Justice Department to investigate Memphis police's use of force and possible discriminatory policing
"Federal officials will also develop guidelines for police chiefs and mayors on when to create specialized units, like the one involved in the brutal beating of Tyre Nichols, a Black man, in January. Nichols died three days later.
The Justice Department is investigating the city of Memphis and its police departmentfor possible violations in its use of force, searches and arrests and whether it engaged in discriminatory policing.
Federal officials announced the civil pattern or practice inquiry Thursday, seeking to determine whether there are systemic constitutional or federal violations by the Memphis Police Department.
“Every person is entitled to constitutional and non-discriminatory policing in our country,” Assistant Attorney General Kristen Clarke of the Justice Department’s Civil Rights Division said in a statement. “Based on an extensive review of publicly available information and information provided to us, there are grounds to open this investigation now."
The investigation announced Thursday is separate from a federal criminal civil rights investigation of several Memphis police officers related to the death of Tyre Nichols, officials said.
Officials with the Memphis Police Department did not immediately respond to a request for comment.
Nichols, 29, a Black man, was brutally assaulted by Memphis officers after he was pulled over Jan. 7 for alleged reckless driving. He died three days later. His death spurred citywide protests, with demonstrators stalling highway traffic for hours one night.
Five Memphis police officers were fired and charged with second-degree murder and other counts.
The officers — Tadarrius Bean, Demetrius Haley, Emmitt Martin III, Desmond Mills Jr. and Justin Smith — pleaded not guilty in February.
The officers were members of a special unit, called the Scorpions, short for Street Crimes Operation to Restore Peace In Our Neighborhoods. It launched in 2021 to combat a rise in homicides gangs and to investigate auto thefts.
In light of Nichol's death, federal officials also said Thursday they would work to develop guidelines for cities across the country to help determine when to create such units and how to monitor them.
“There’s always going to be a need for mission units that are trained and can do what general patrol officers can’t,” said Ed Obayashi, a law enforcement advisor to more than 100 police departments nationwide.

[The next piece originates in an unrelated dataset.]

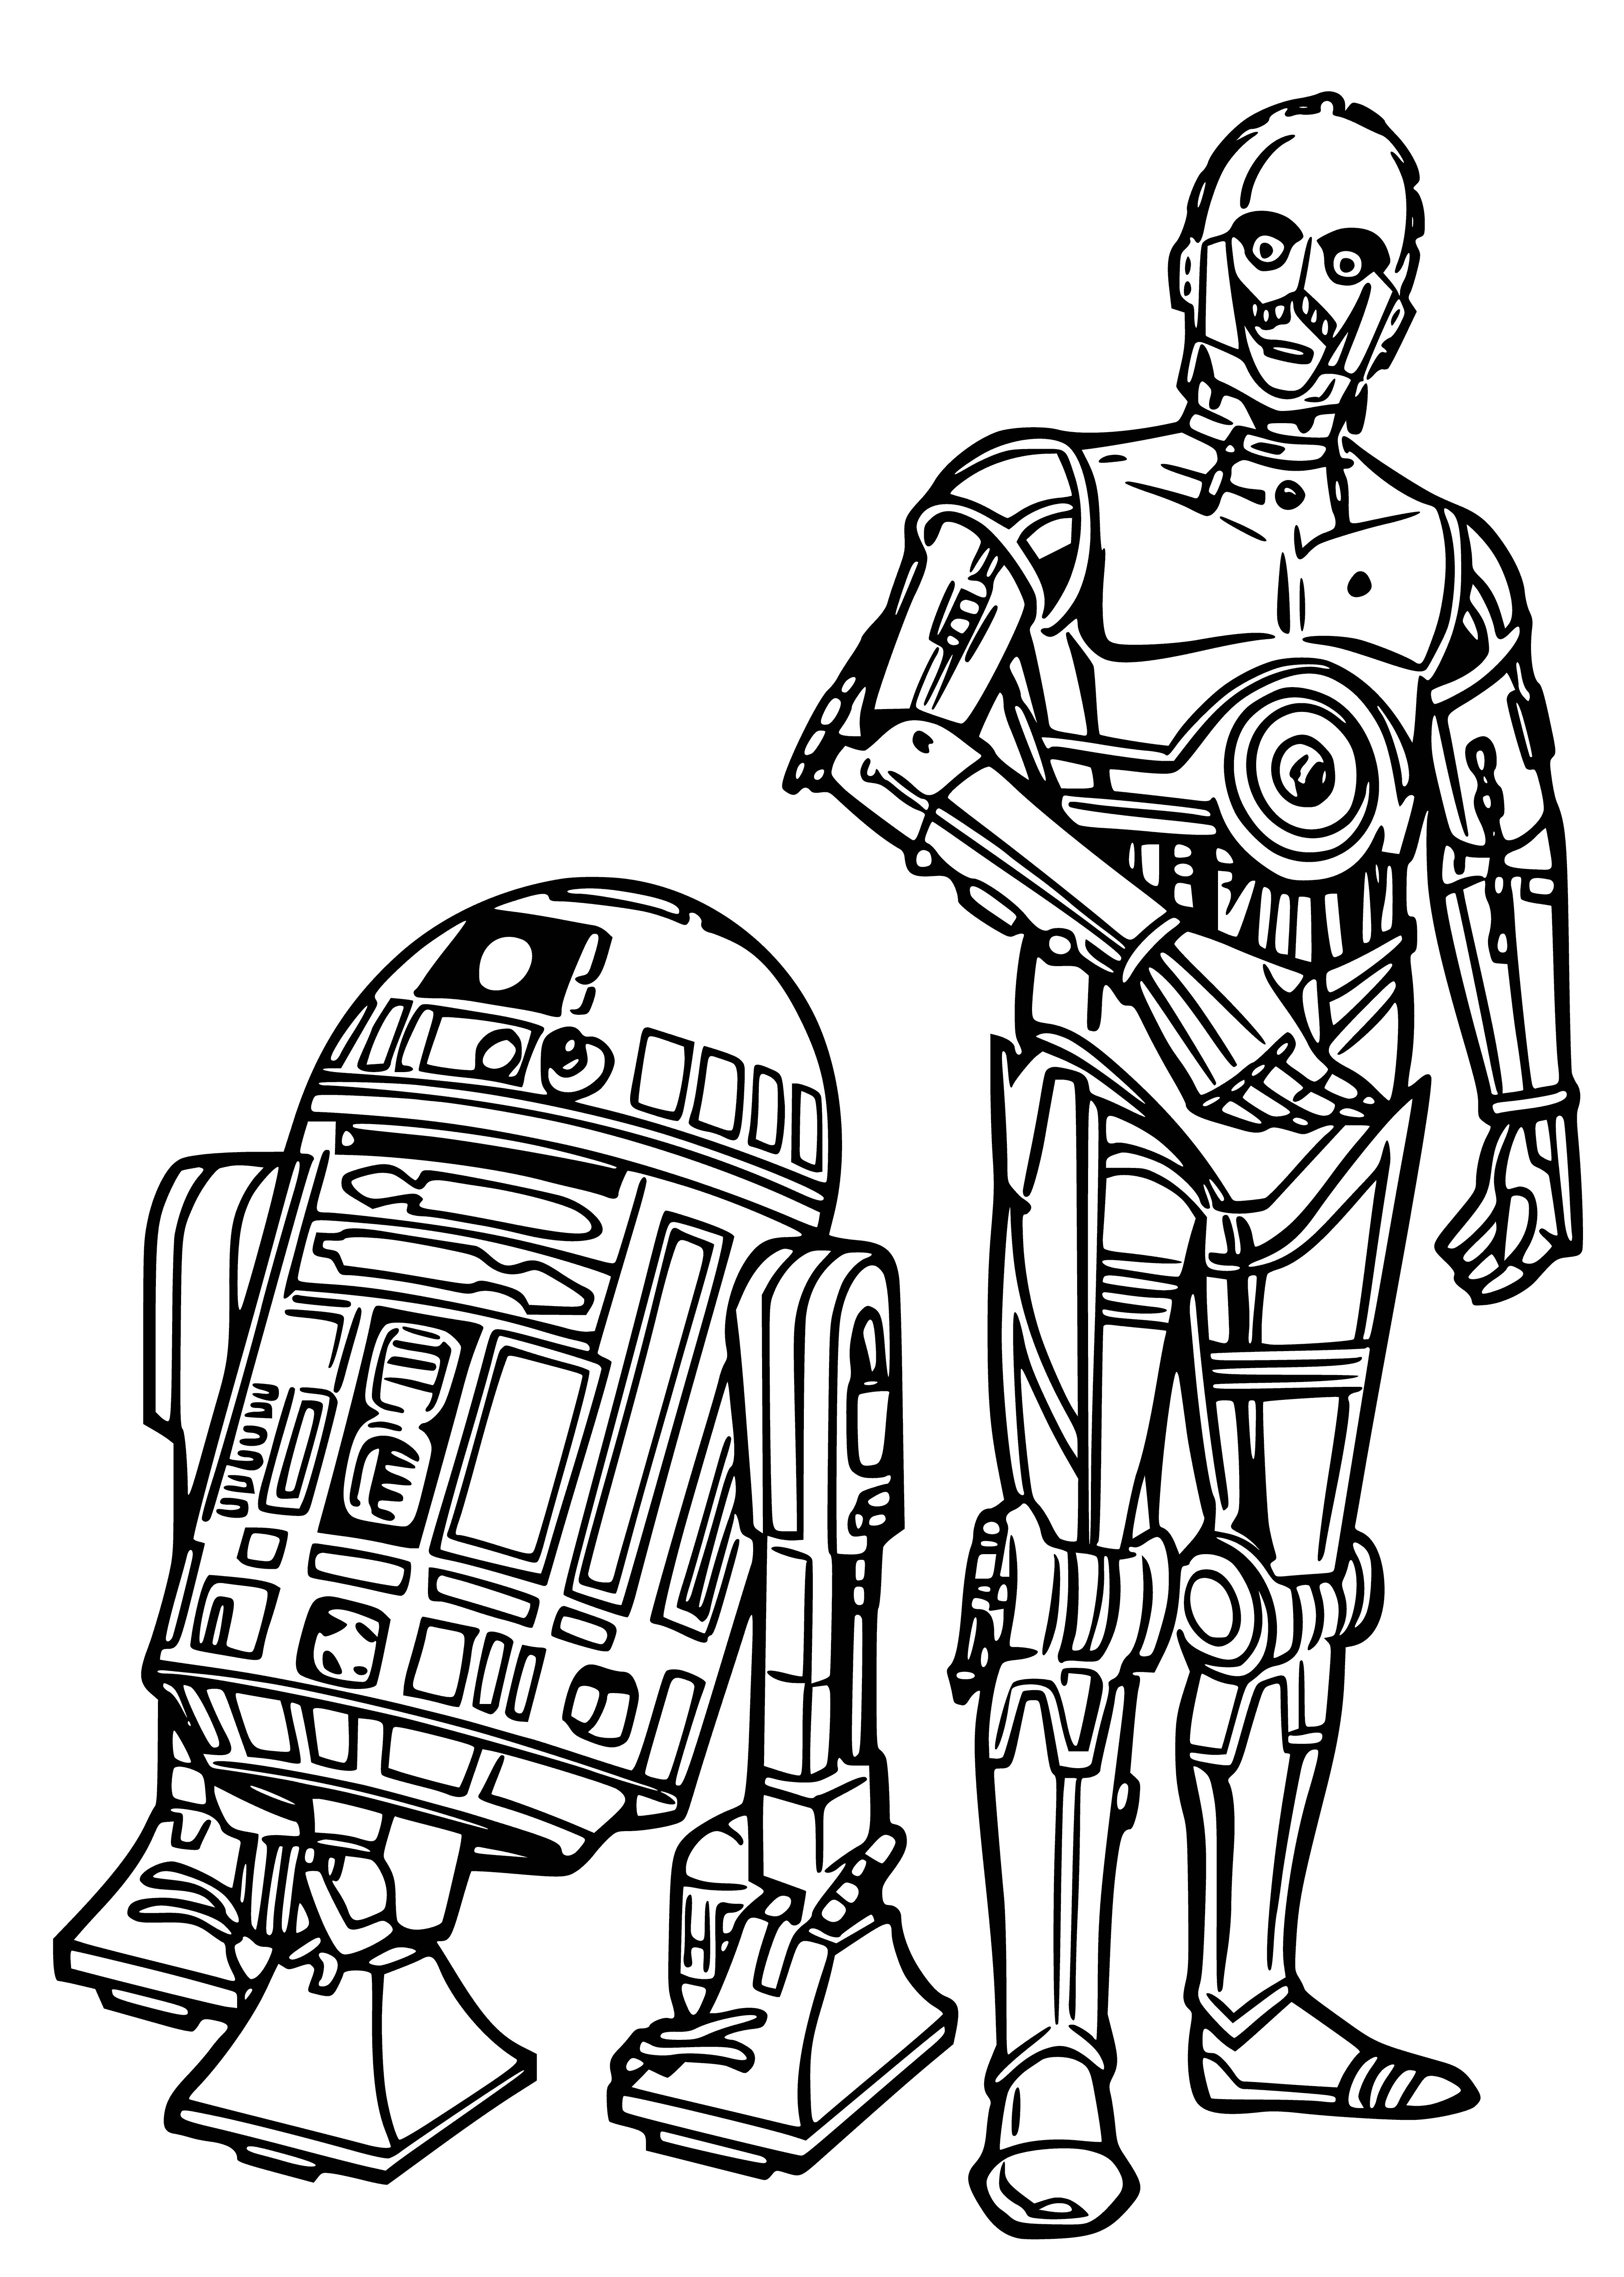 coloring page: Two Star Wars droids, R2-D2 & C-3PO, standing together, eyes closed, arms extended & at side, appear in a coloring page.

But many specialized units can be aggressive and intimidating while targeting crime and the behavior sometimes spills over to the rest of the community, he added.
Attorney General Merrick B. Garland said in a statement Thursday that Nichols' death "created enormous pain in the Memphis community and across the country,” and the examination would determine whether the department "engaged in a pattern or practice of unconstitutional conduct and discriminatory policing based on race, including a dangerously aggressive approach to traffic enforcement.”
Memphis community organizer Amber Sherman said she welcomes the federal investigation if it leads to less traffic enforcement and interaction with police.
“We don’t need a federal investigation to tell us that Black residents are being discriminated against in extremely high numbers or having excessive force used against them,” Sherman said.
She said many people in the community no longer want police officers to conduct traffic stops out of fear of being assaulted or worse.
Memphis attorney Jarrett Spence, who is representing a Black man in a lawsuit that accuses Memphis police officers of assaulting him, said the investigation "is gonna produce what I already know."
"Blacks and Hispanics in low-income neighborhoods are subjected to unconstitutional police practices on a regular basis,” Spence said.
DOJ has ongoing investigations into police departments in Phoenix; Mount Vernon, New York; Worcester, Massachusetts; Oklahoma City, Oklahoma; the Louisiana State Police and the New York City Police Departments’ Special Victims Division.
The Justice Department recently completed investigations in Louisville and Minneapolis, securing agreements in principle with both jurisdictions to negotiate consent decrees to address the violations found.